Logical Conclusion to Cullberg Ballet’s Sisyphean Struggle

United KingdomUnited Kingdom Plateau Effect: Cullberg Ballet, Sadler’s Wells, London, 14.11.2014 (J.O’D)

The Plateau Effect Photo by Urban Jr n
Cullberg_Ballet_Plateau_Effect_Photo_by_Urban_J_r_n_

Dancers: Agnieska Dlugoszewska, Alberto Franceschini, Anna Pehrsson, Daniel Sjökvist, Eva Mohn, Eszter Czédulás, Samuel Draper, Sylvie Gehin Karlsson, Vincent Van Der Plas
 
 

Production:
Choreography Jefta Van Dinther
Sound Design: David Kiers
Set Design: Simka
Lighting Design: Minna Tiikkainen
Costume Assistants: Camilla Carlström and Malin Eriksson

What happens in Plateau Effect (the final production in the Sadler’s Wells Northern Light season) is that nine performers spend fifty minutes or so manoeuvring a piece of canvas that is as large as the stage itself. The brief passages of slow-motion, body-popping or juddering ‘dance’ for which they pause are less interesting to watch than the arduous work they undertake (with cables, weights and pulleys) to raise the canvas like a tent or a sail. For this work must be choreographed, or at least co-ordinated, too. How else would the performers know whether to wrap the canvas round the cable or the cable round the canvas, where to place the weights, and when to use the pulleys? And they work to the background of a pumping electronic score.

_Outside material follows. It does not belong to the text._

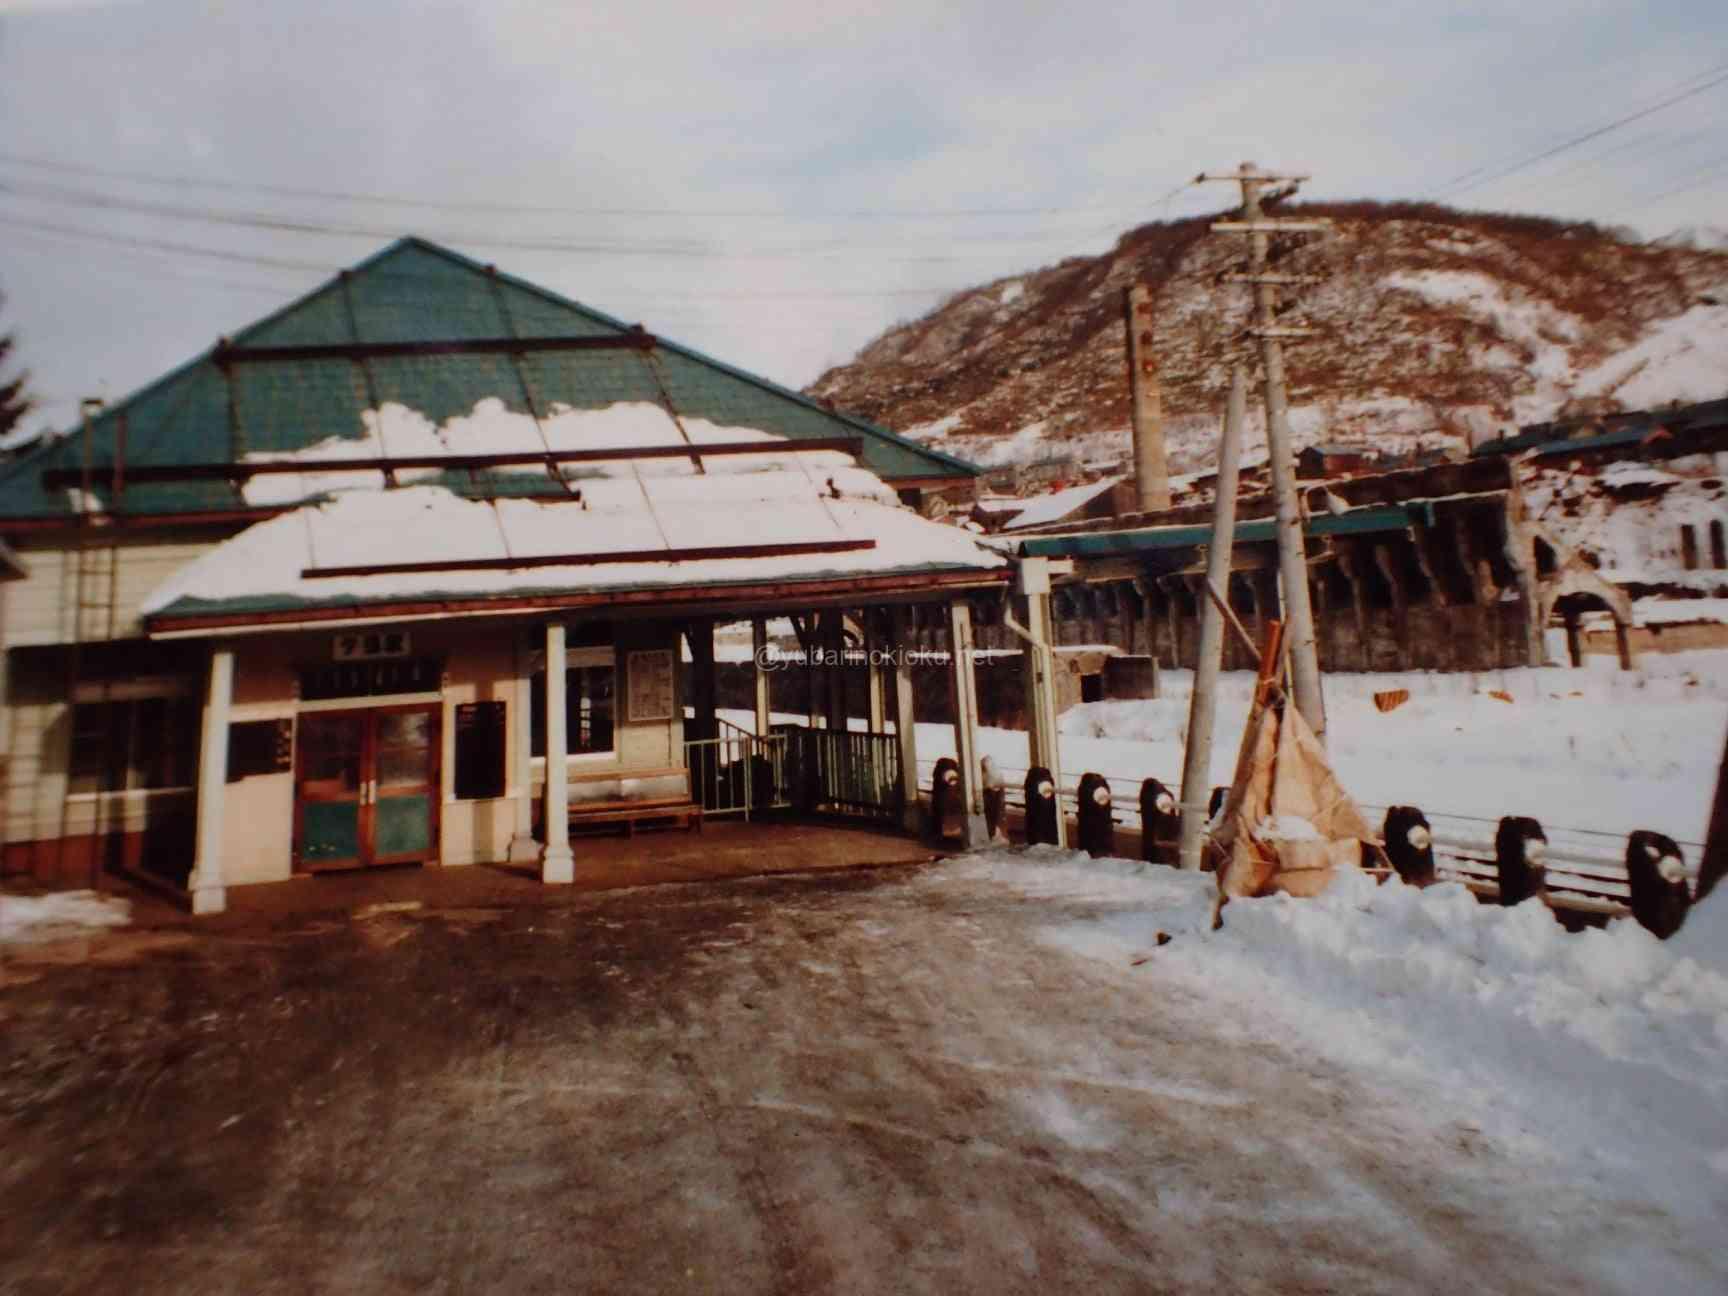 昭和56年1月に帰省したときの夕張駅駅舎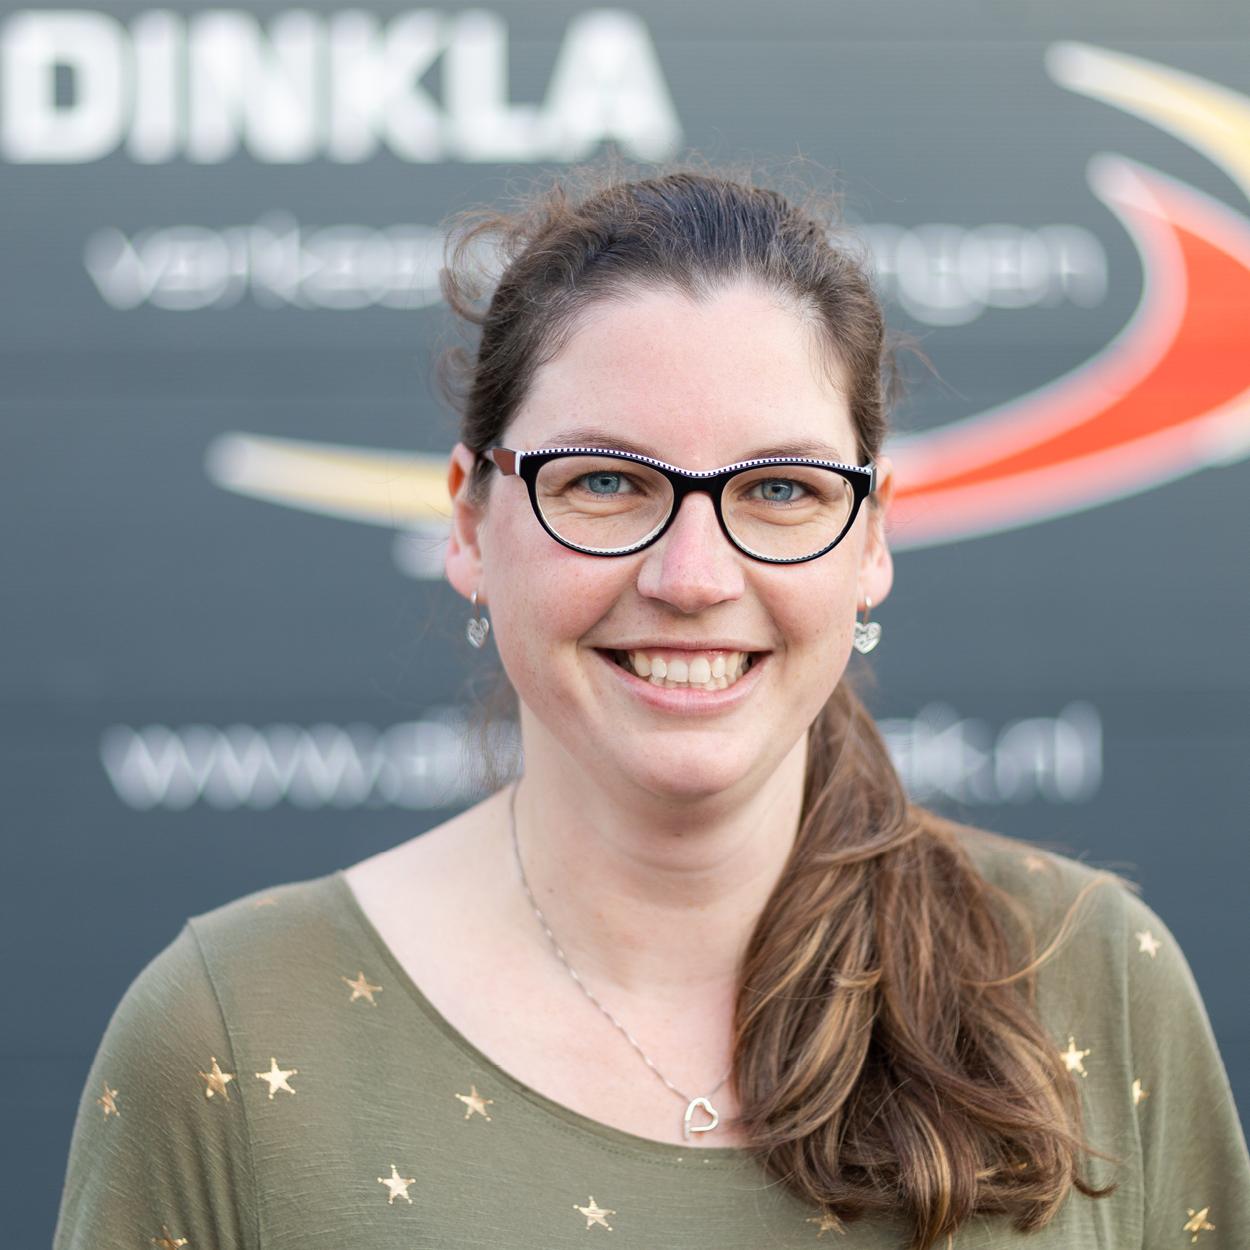 Alicia de Jong

The swathe of grey material is the protagonist. It hangs just inside the proscenium arch at the start, completely obscuring our view of the stage. Seven of the performers stand in a line in front of it. After lip-synching a song with words ‘of a sexual nature’ by the choreographer of the piece, Jefta van Dinther, they disappear, one by one, into the billowing folds behind them. The cloth is then lowered on its neon-lit support, and the performers become performer-technicians. Once you have realized and/or accepted that this is what the piece is going to be about, it becomes rather fascinating to watch. At first, the five women and four men work in silence. The clothes some of them wear make spots of colour against the grey of the canvas and of the large board at the back of the stage. The cables and pulleys are introduced gradually. No sooner has a tent-like structure become visible, however, than the canvas is lowered again. This work seems to have no ultimate goal.

The atmosphere changes when one of the women begins to shout what could be instructions. Her fellow performers begin shouting, too. The throbbing of the soundtrack grows louder, or faster; the stage is bathed in flashes of red-light. Now the cloth resembles a sail, two sails. You half expect one of the cast to start in with the words of Shakespeare’s boatswain (‘Down with the topmast! Yare! Lower! Lower!’). This does not happen. Very soon the cloth is lying spread out over the stage, and some of the performers are smoothing out the creases. It is then slowly rolled into the form of a very long, and very large, bolster.

Alistair Spalding (Sadler’s Wells Chief Executive and Artistic Director) writes in the programme of the Cullberg Ballet dancers’ ‘Sisyphean struggle’. But although the piece might not achieve a goal, it does have a logical conclusion. One end of the bolster is attached to a hook on the grey board; the other is raised by pulley into the air (where it hangs like a limp phallus). The much used, much manipulated, much altered canvas is thereby partly returned to the flies from which it first descended.